Most of Fallout’s visuals have aged well. While the isometric graphics are nice consistently good, the best thing about the game’s look are ‘talking heads’: special animations shown during dialog with important voiced characters. Those were created by digitizing actual physical clay models and animating them, which made everything look a little different from the usual low-poly 3D graphics of the time. Some of the interface elements look really great as well: vacuum tube amplifier through which the conversations are played, menus based on mechanical buttons, even the analog display in every elevator. The only thing that looks kind of bad are movement animations which seem very unnatural due to hex-based pathfinding (it doesn’t help that they’re rather slow in combat which gives you a lot of time to look at everything that’s wrong with them).
The game’s soundtrack made by Mark Morgan consists of dark and atmospheric ambient music. It does its job but unlike with the composer’s Planescape: Torment soundtrack, only a few tracks (e.g. the ones that play in Mariposa and Boneyard) are memorable outside of the context of the game. Unfortunately, those tracks are also the ones that don’t seem to be entirely original as Mariposa theme seems to contain samples of Brian Eno’s Alternative 3 while the Los Angeles music is very similar to Grass by Aphex Twin. The game seems to use sampled music in other places as well, although those tracks are brought up most often as the similarities are the most obvious. Sound effects and voice acting (used only for certain characters as most are text-only) are generally very good, with the latter having a few noticeable highlights like the intro speech or dialog with The Master.
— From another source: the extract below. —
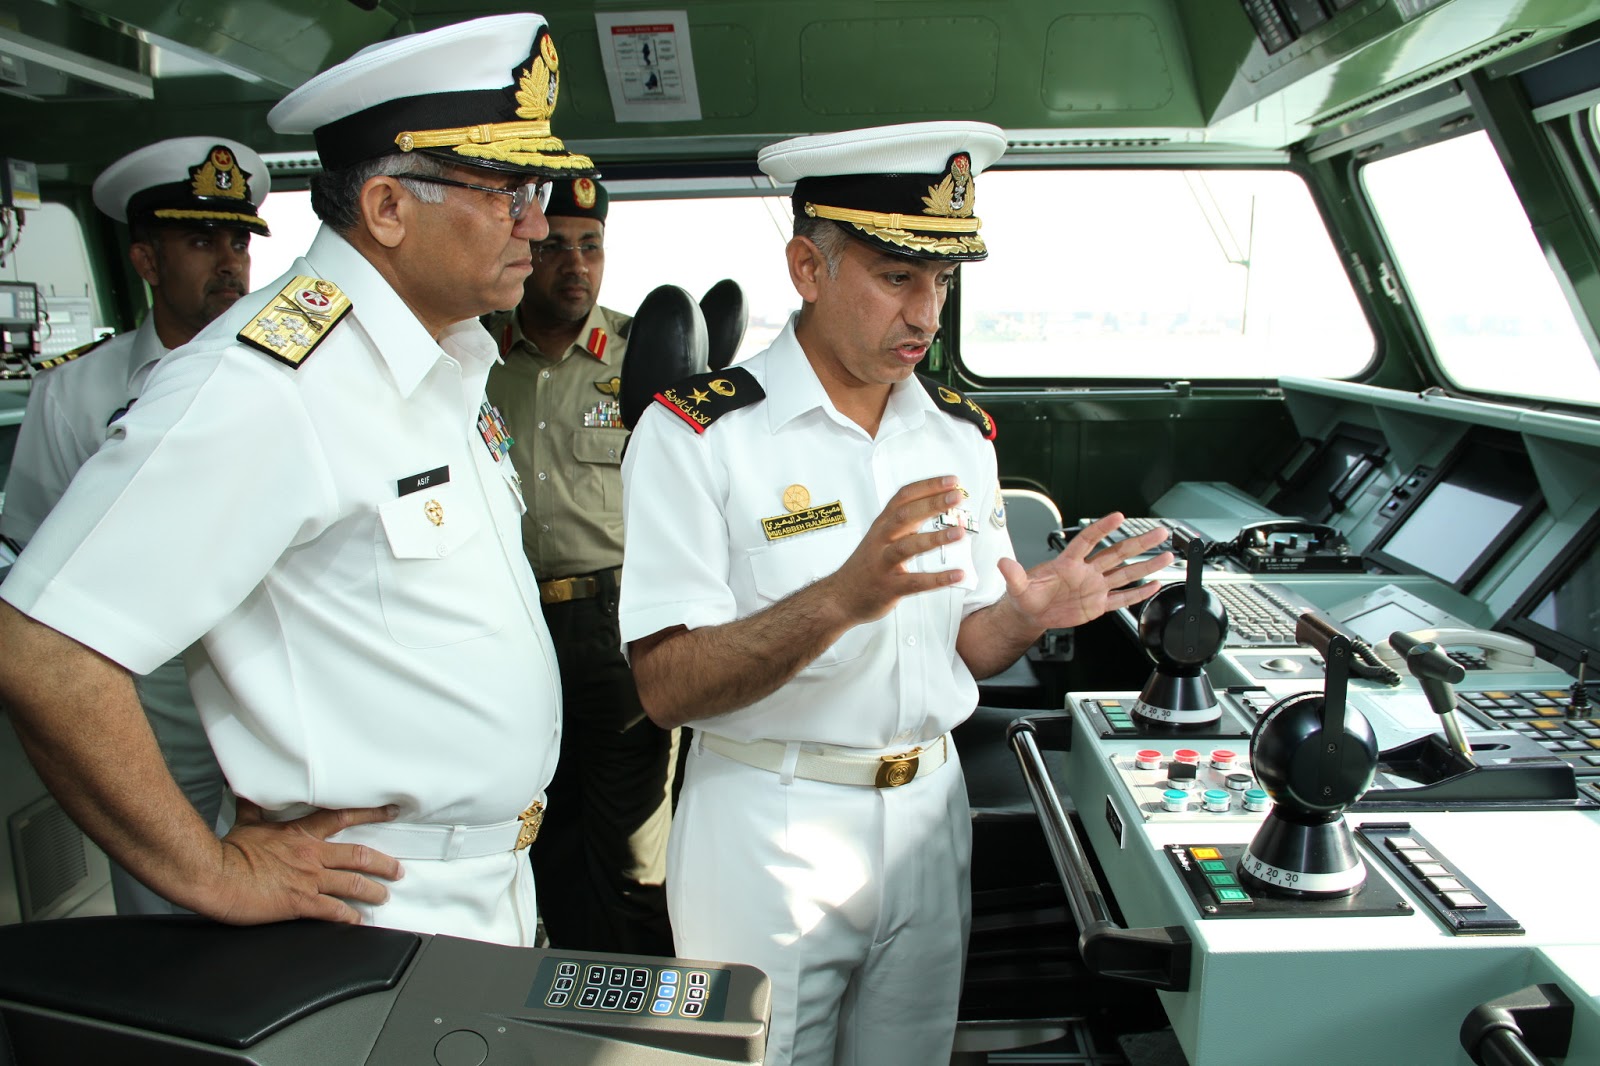 The+commanding+officer+of+a+ship+of+UAE+briefing+Admiral+Asif+Sandila+about+the+systems+installed.JPG

On a technical level, Fallout is mostly competent which would later prove to be an exception rather than a rule as the games in the series are known for their bugs. There are some issues with combat AI (both enemies and companions will fixate on one opponent and will fight him until one of them dies, even if the said opponent is running away while somebody else is shooting them in the back) and one of the endings becoming inaccessible but otherwise, the game plays fine. On modern computers, the game is playable (albeit with an occasional crash due to memory management issues) as newer releases include widescreen support although it is better to turn the resolution down as it doesn’t scale things, it just draws more of them on the screen.
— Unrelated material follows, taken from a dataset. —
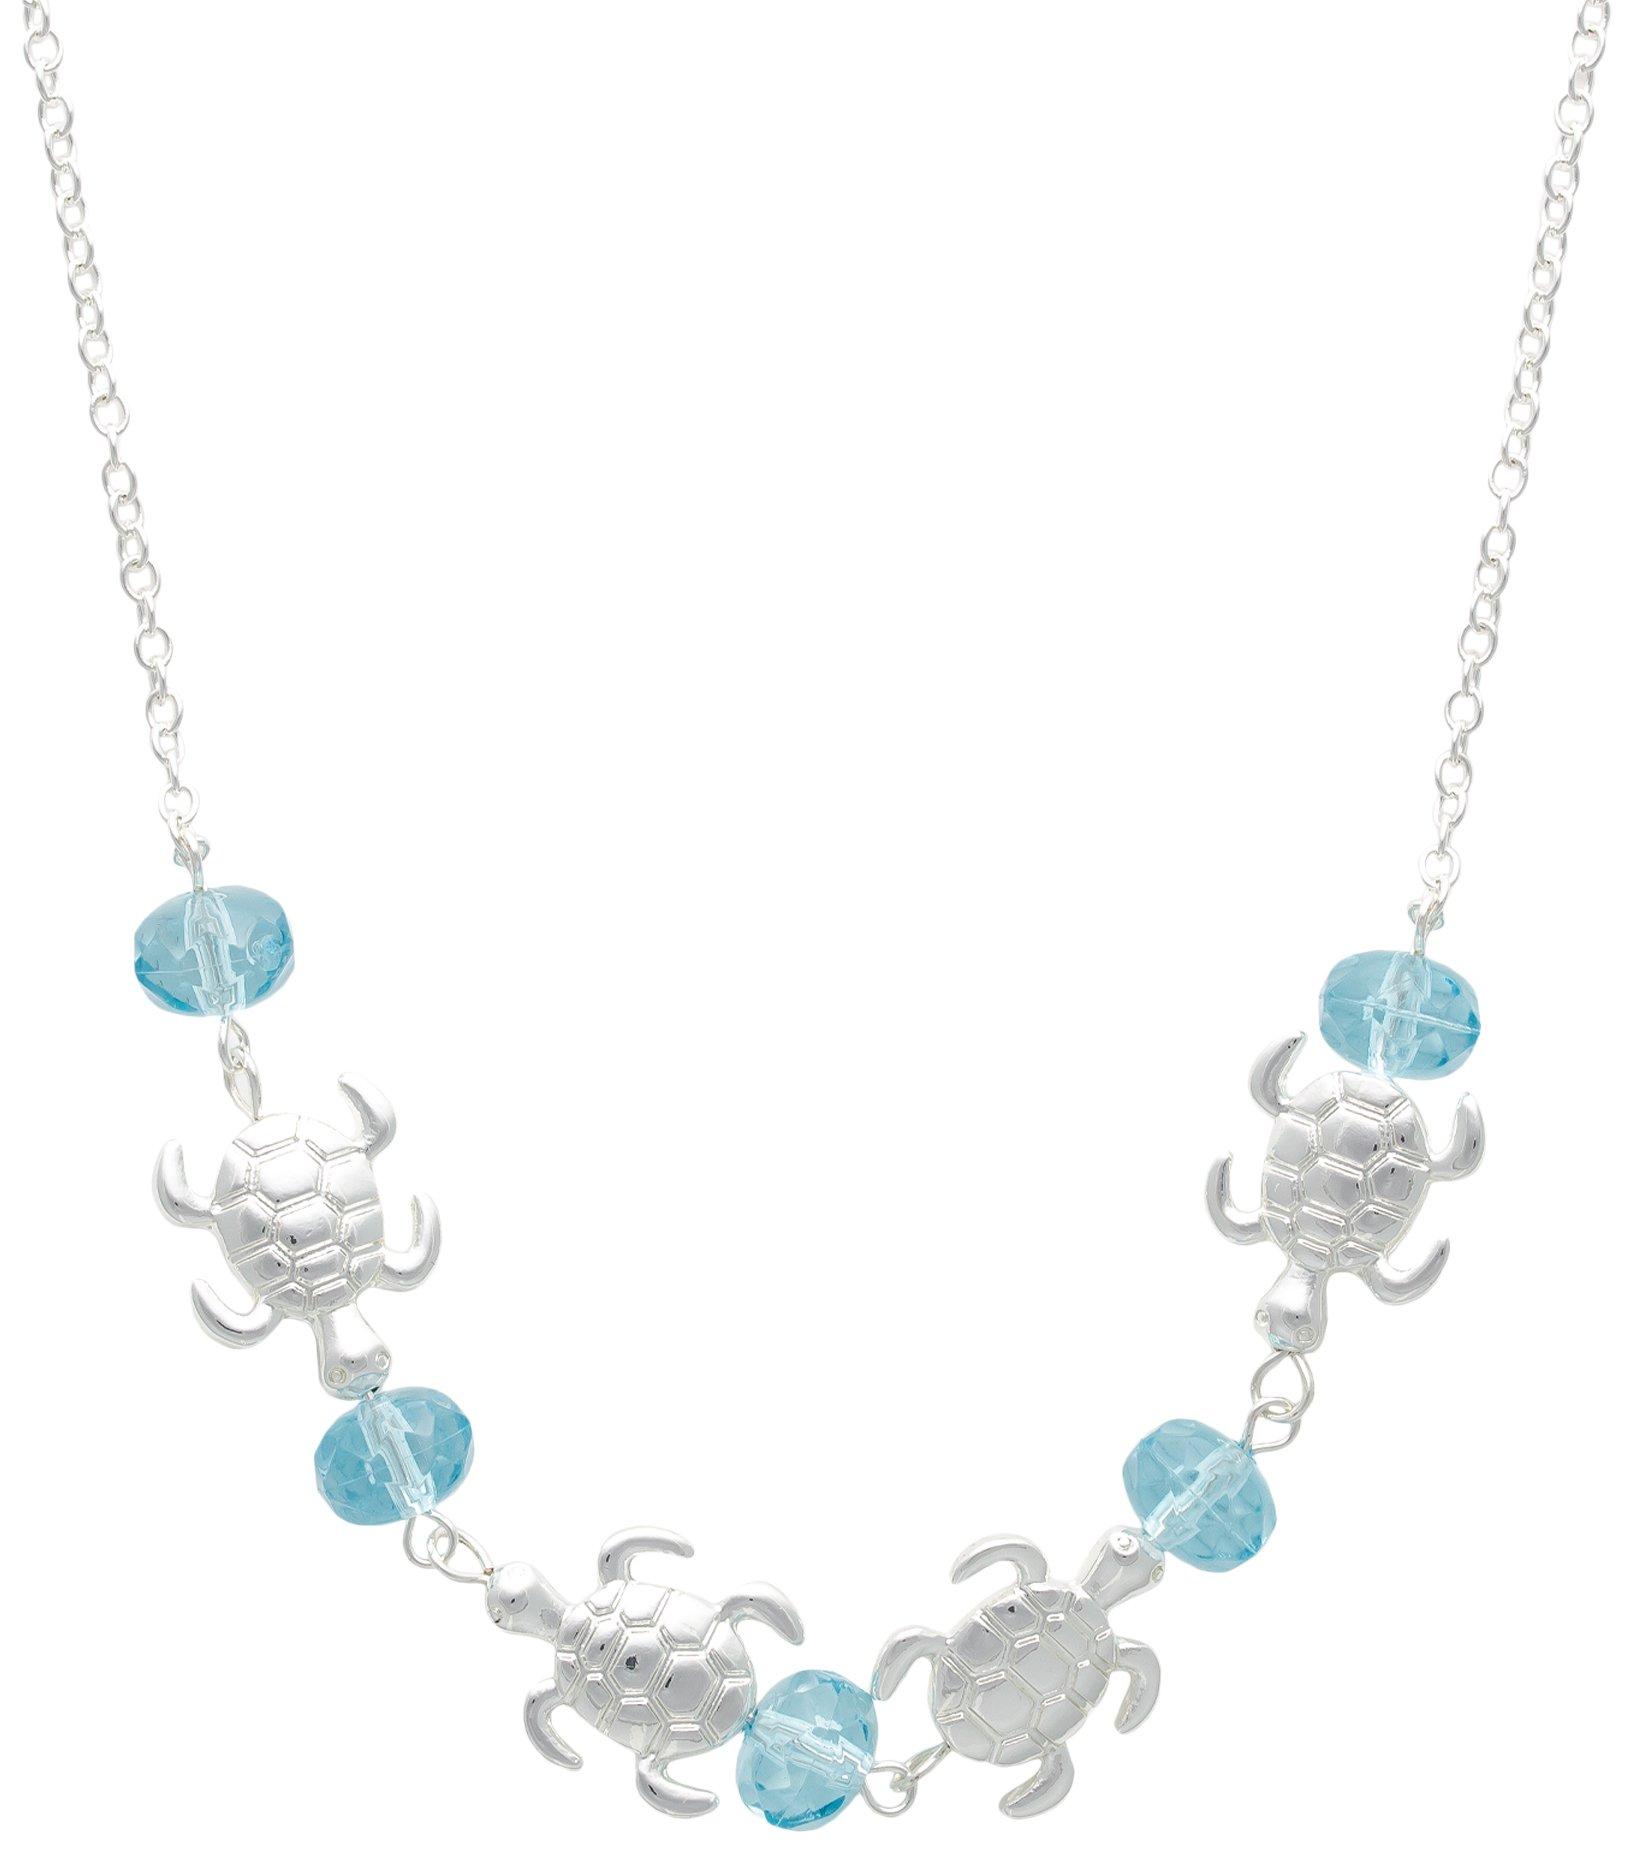 Beach Chic 18 In. Beaded Sea Turtle Frontal Chain Necklace

Fallout is an amazing game and one of the most important RPGs of its time. Its systems are well designed, its worldbuilding its brilliant and the amount of meaningful choice it gives to the player is just impressive. While its interface takes a while getting used to (although it quickly becomes second nature) and the complexity means that it’s not a game you just pick up and play, it becomes insanely rewarding after you learn how to play it. It’s not as big of a time investment as one may think anyway: the game is much shorter than other mainline Fallout titles.